# Prompt
Set down all of the data again, character for character.

━━━━━ Task input

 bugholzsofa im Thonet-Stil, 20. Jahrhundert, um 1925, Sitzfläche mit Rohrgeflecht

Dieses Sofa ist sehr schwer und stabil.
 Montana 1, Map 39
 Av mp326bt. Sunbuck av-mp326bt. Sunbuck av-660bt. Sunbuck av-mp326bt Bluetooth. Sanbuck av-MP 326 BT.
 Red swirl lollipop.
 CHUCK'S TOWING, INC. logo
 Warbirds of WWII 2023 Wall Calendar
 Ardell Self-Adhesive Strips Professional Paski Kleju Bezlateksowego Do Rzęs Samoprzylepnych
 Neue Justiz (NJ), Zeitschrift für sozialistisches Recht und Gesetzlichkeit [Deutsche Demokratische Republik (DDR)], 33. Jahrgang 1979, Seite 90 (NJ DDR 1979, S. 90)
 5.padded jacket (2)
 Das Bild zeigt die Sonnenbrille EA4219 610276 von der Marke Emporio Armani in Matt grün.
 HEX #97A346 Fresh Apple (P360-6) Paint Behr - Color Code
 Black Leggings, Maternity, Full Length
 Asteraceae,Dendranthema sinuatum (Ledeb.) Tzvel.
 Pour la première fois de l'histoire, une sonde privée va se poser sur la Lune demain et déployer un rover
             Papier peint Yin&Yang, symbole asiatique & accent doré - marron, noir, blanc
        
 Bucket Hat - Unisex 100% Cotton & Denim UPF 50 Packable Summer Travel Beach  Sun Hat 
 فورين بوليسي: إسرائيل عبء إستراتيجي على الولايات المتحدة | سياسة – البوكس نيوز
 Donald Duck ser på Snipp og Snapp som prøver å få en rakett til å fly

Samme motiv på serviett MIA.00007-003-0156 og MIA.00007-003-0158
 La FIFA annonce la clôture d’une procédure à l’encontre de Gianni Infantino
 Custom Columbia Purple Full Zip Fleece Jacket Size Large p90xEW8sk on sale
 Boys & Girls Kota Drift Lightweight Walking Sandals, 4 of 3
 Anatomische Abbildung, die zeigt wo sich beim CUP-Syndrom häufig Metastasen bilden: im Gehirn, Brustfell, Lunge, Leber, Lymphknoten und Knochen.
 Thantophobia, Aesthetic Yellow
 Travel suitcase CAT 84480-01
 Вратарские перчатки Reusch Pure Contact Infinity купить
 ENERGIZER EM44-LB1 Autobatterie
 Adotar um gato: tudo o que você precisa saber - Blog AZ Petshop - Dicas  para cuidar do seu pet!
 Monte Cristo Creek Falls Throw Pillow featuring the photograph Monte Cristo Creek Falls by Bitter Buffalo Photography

━━━━━━━━━━

# Solved problem
 bugholzsofa im Thonet-Stil, 20. Jahrhundert, um 1925, Sitzfläche mit Rohrgeflecht

Dieses Sofa ist sehr schwer und stabil.
 Montana 1, Map 39
 Av mp326bt. Sunbuck av-mp326bt. Sunbuck av-660bt. Sunbuck av-mp326bt Bluetooth. Sanbuck av-MP 326 BT.
 Red swirl lollipop.
 CHUCK'S TOWING, INC. logo
 Warbirds of WWII 2023 Wall Calendar
 Ardell Self-Adhesive Strips Professional Paski Kleju Bezlateksowego Do Rzęs Samoprzylepnych
 Neue Justiz (NJ), Zeitschrift für sozialistisches Recht und Gesetzlichkeit [Deutsche Demokratische Republik (DDR)], 33. Jahrgang 1979, Seite 90 (NJ DDR 1979, S. 90)
 5.padded jacket (2)
 Das Bild zeigt die Sonnenbrille EA4219 610276 von der Marke Emporio Armani in Matt grün.
 HEX #97A346 Fresh Apple (P360-6) Paint Behr - Color Code
 Black Leggings, Maternity, Full Length
 Asteraceae,Dendranthema sinuatum (Ledeb.) Tzvel.
 Pour la première fois de l'histoire, une sonde privée va se poser sur la Lune demain et déployer un rover
             Papier peint Yin&Yang, symbole asiatique & accent doré - marron, noir, blanc
        
 Bucket Hat - Unisex 100% Cotton & Denim UPF 50 Packable Summer Travel Beach  Sun Hat 
 فورين بوليسي: إسرائيل عبء إستراتيجي على الولايات المتحدة | سياسة – البوكس نيوز
 Donald Duck ser på Snipp og Snapp som prøver å få en rakett til å fly

Samme motiv på serviett MIA.00007-003-0156 og MIA.00007-003-0158
 La FIFA annonce la clôture d’une procédure à l’encontre de Gianni Infantino
 Custom Columbia Purple Full Zip Fleece Jacket Size Large p90xEW8sk on sale
 Boys & Girls Kota Drift Lightweight Walking Sandals, 4 of 3
 Anatomische Abbildung, die zeigt wo sich beim CUP-Syndrom häufig Metastasen bilden: im Gehirn, Brustfell, Lunge, Leber, Lymphknoten und Knochen.
 Thantophobia, Aesthetic Yellow
 Travel suitcase CAT 84480-01
 Вратарские перчатки Reusch Pure Contact Infinity купить
 ENERGIZER EM44-LB1 Autobatterie
 Adotar um gato: tudo o que você precisa saber - Blog AZ Petshop - Dicas  para cuidar do seu pet!
 Monte Cristo Creek Falls Throw Pillow featuring the photograph Monte Cristo Creek Falls by Bitter Buffalo Photography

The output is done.